This has been worked out by Conduché in [Modules croisés généralisés de longueur 2](http://www.sciencedirect.com/science/article/pii/0022404984900343) (JPAA **34** (1984), 155-178), using simplicial group methods.

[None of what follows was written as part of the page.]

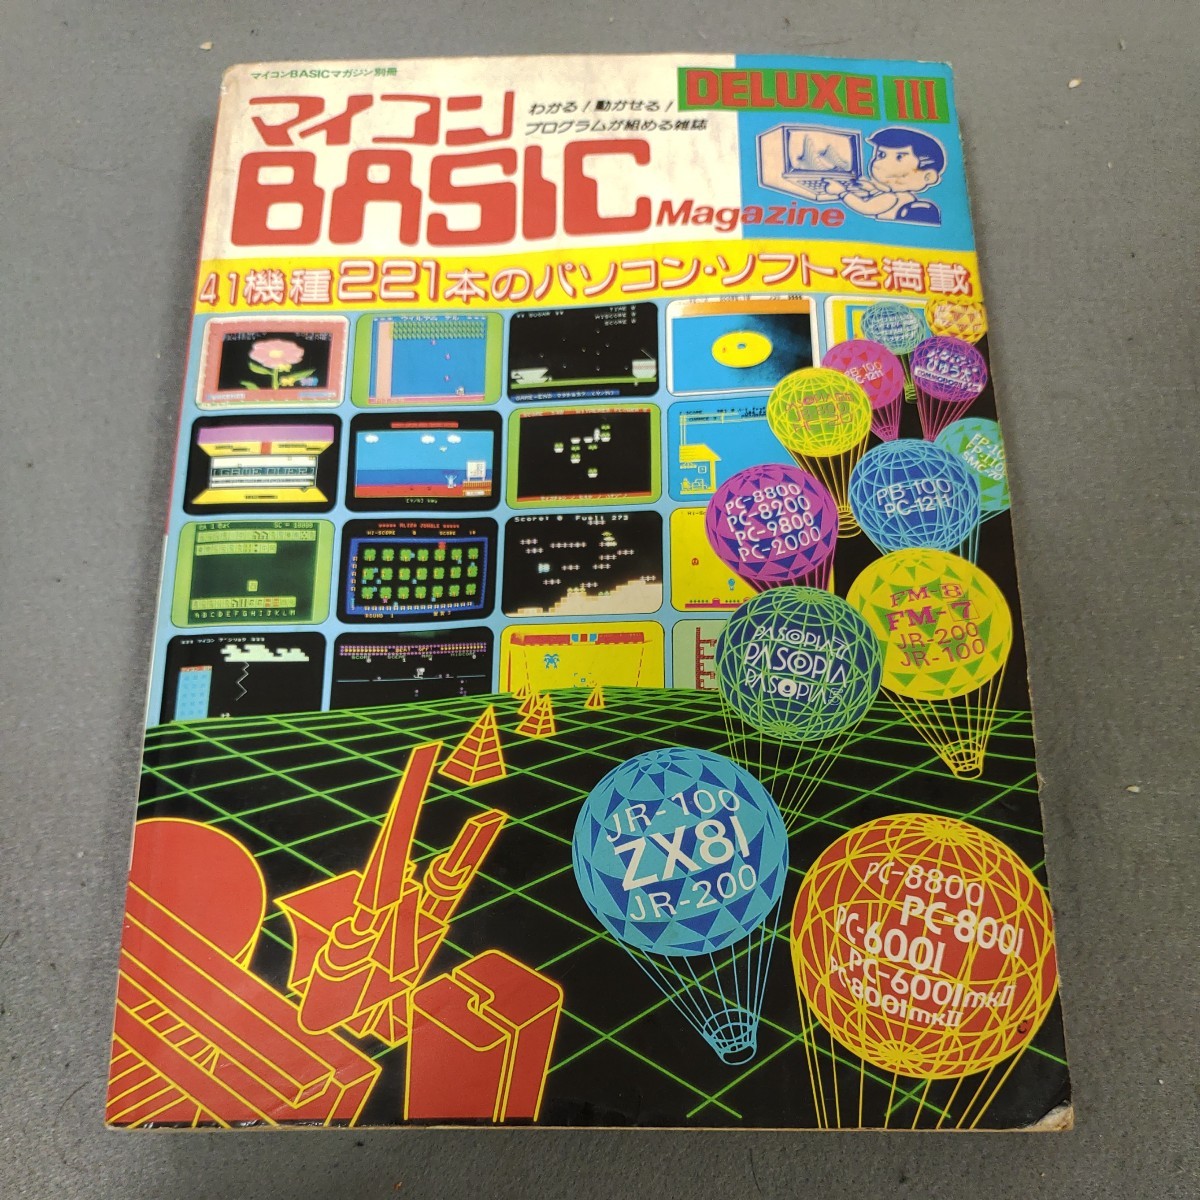  microcomputer BASIC журнал * Deluxe 3* компьютернные игры * in беж da-* программирование * Showa 59 год выпуск * радиоволны газета фирма 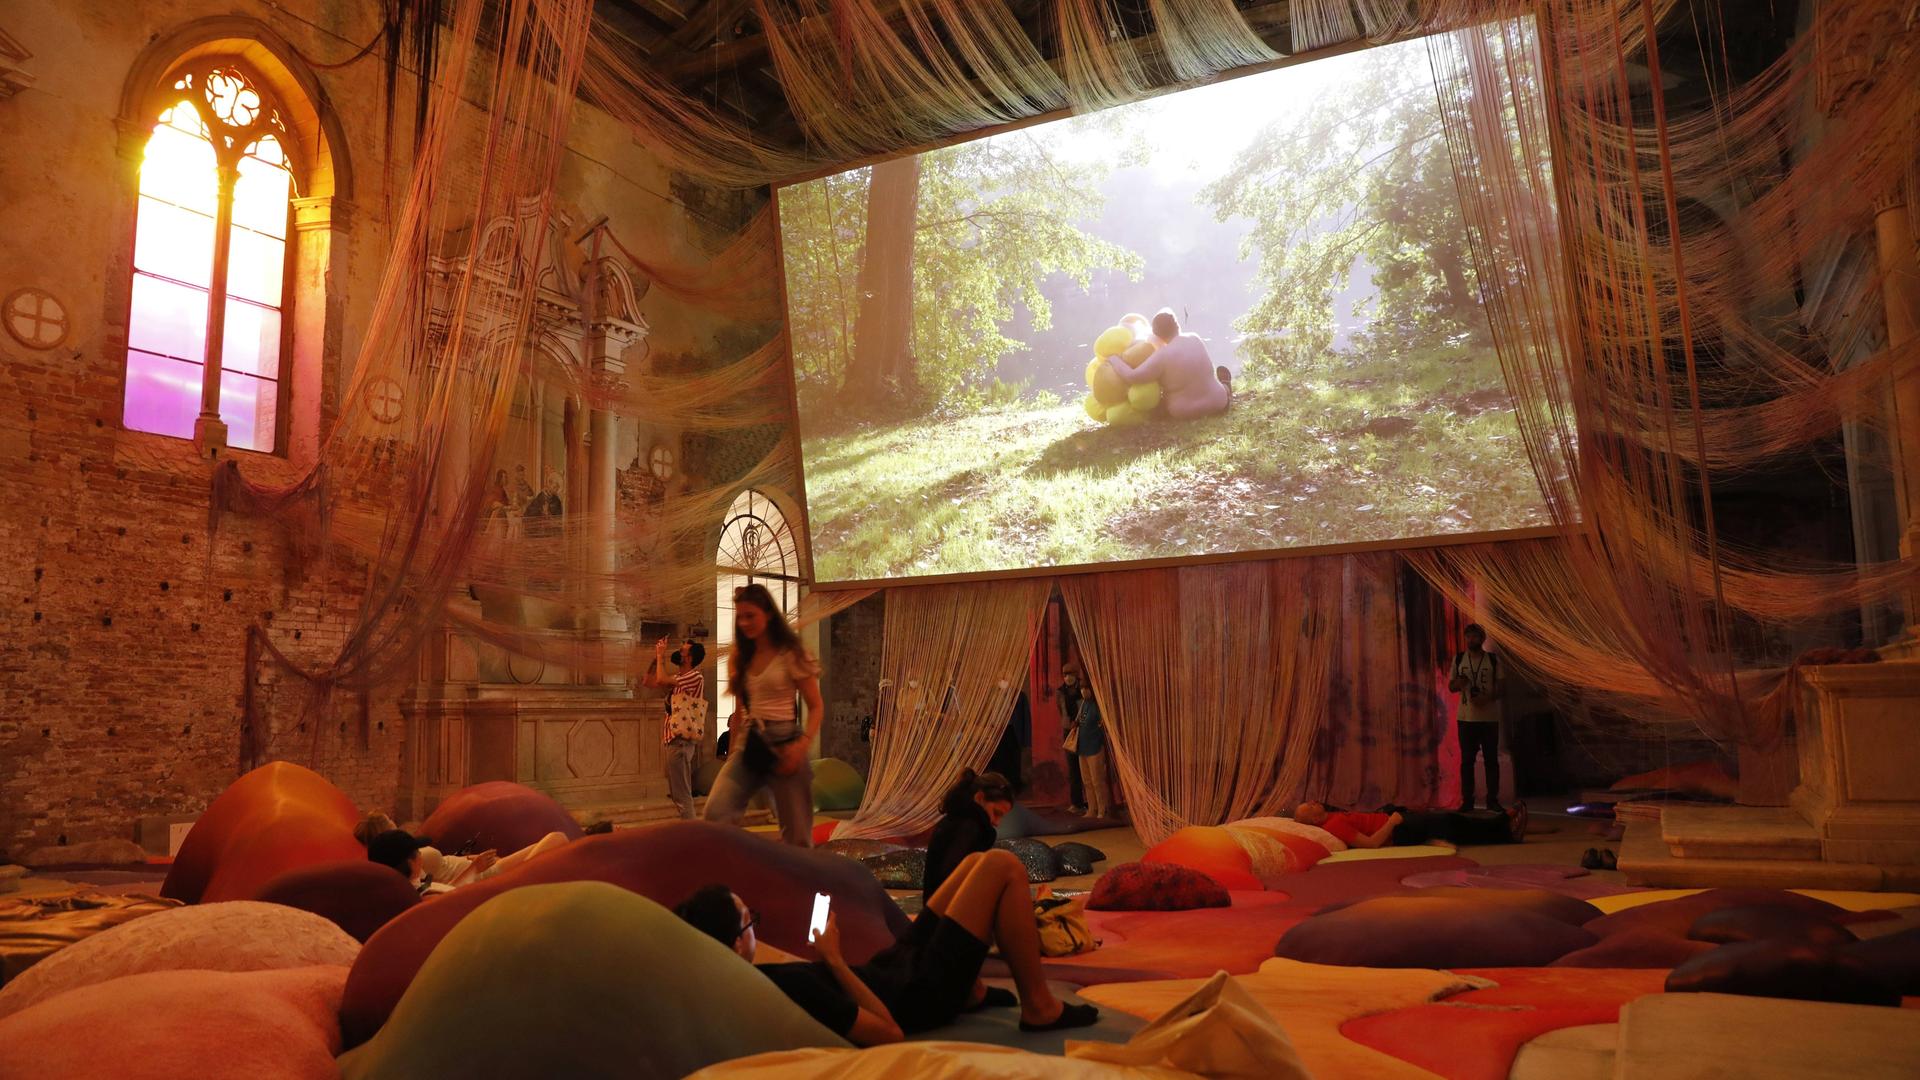 Ein mit farbigen Kissen ausgelegter Raum mit hohen Decken, von denen Schnüre hängen. Außerdem: Ein großer Bildschirm, auf dem eine Person in einer Waldlandschaft zu sehen ist.

While it more or less boils down to the stuff described in the answer by Qiaochu, Conduché also describes a nice (2? 3?)-category holding the same information. Its objects are complexes$$G_2\xrightarrow{\partial}G_1\xrightarrow{\partial}G_0$$of $G_0$-groups (composite trivial, $G_0$ acting on itself by conjugation) together with the s. c. Peiffer bracket $\{,\}:G_1\times G_1\to G_2$ satisfying the elaborate but appealing identities
$$
\begin{aligned}
{}^{x_0}\{x_1,y_1\}&=\{{}^{x_0}x_1,{}^{x_0}y_1\}\\
\{\partial x_2,\partial y_2\}&=[x_2,y_2]\\
\partial\{x_1,y_1\}&=x_1y_1x_1^{-1}\left({}^{\partial x_1}y_1\right)^{-1}\\
\{\partial x_2,x_1\}\{x_1,\partial x_2\}&=x_2\left({}^{\partial x_1}x_2\right)^{-1}\\
\{x_1y_1,z_1\}&=\{x_1,y_1z_1y_1^{-1}\}\ \ {}^{\partial x_1}\{y_1,z_1\}\\
\{x_1,y_1z_1\}&=\{x_1,y_1\}\{x_1,z_1\}\{\partial\{x_1,z_1\}^{-1},{}^{\partial x_1}y_1\}.
\end{aligned}
$$
Since both $G_2$ and $G_1$ are nonabelian, it is clear that there will be lots of equivalent nonisomorphic objects, but still this description has its advantages.